You will consistently hear 19Keys stress the importance of elevating our thinking and high-level conversations. Whenever he joins, you’re sure to hear something that will cause you to pause and think.
“The world is shifting to different institutions. New institutions will rise with new forms of power.” 19 Keys
“UX Design is more important than coding now.” 19Keys
“Forget the institutional educational model and learn from the experience model of diving in and figuring out how AI can empower your ideas.” 19Keys
I’m paraphrasing above. The evidence that the world we have known the last 30, 40 years has begun to fade away, is piling up. It’s a matter now of what are you ready to go and build.
Are you planning on spending the next 50 years fighting to resurrect educational systems that we’re failing for that long?
Are you planning on sinking your hopes into the next set of politicians who are beholden to the constituencies putting in the most money to get them elected?

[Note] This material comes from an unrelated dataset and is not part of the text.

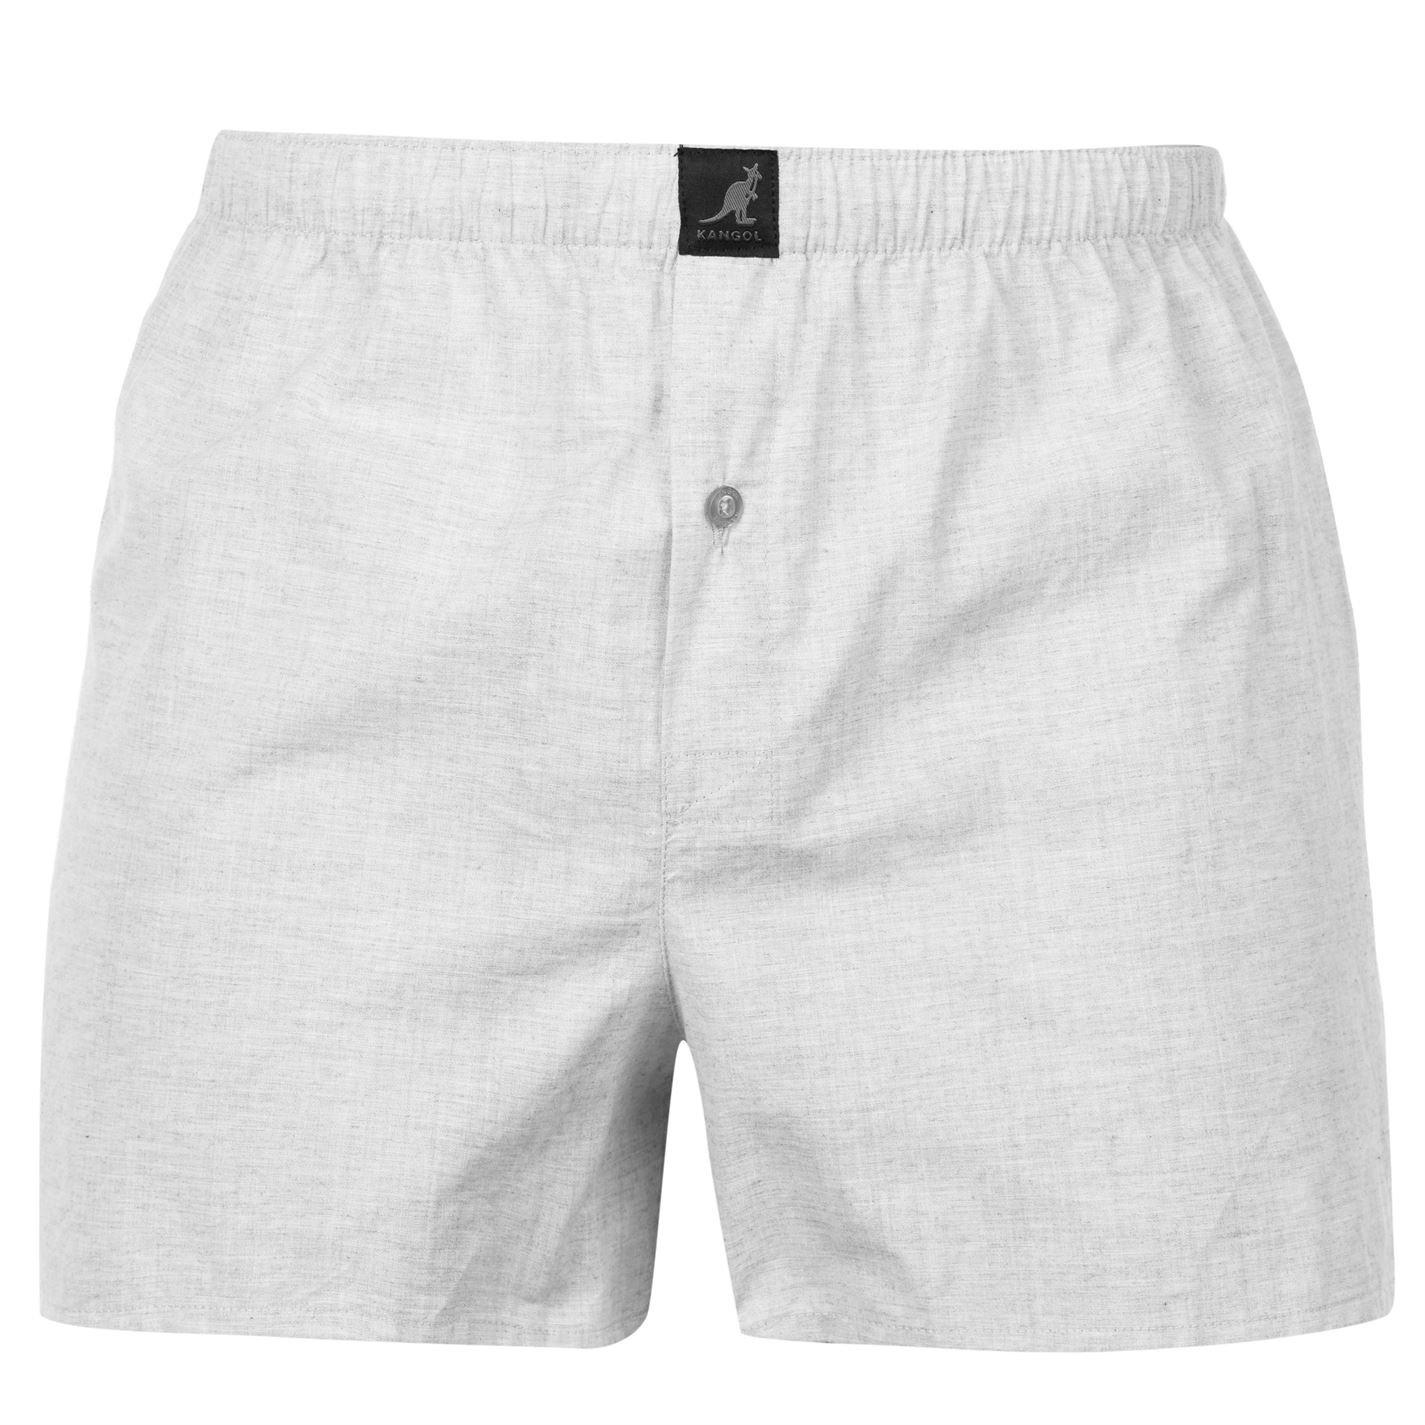 1ec6cb227438e0 Kangol Mens Boxer Shorts 4 Pack: Amazon.co.uk: Clothing

The challenge is thinking about how the world can look different and what you might attempt to build and do in partnership with your community, and those ready to go around you now to cement a place in the new world.
Listen or Take a Pass
You already know because I said it at the beginning, "This is a must-listen."
The knowledge shared and perspectives gained over two hours with Dunlap, Millings, and Bilal are worth your time.
It's easy to tune in while you're at the gym, running, walking for an hour. Turn on this podcast while you're busy cleaning up the kitchen, bedroom, or bathroom.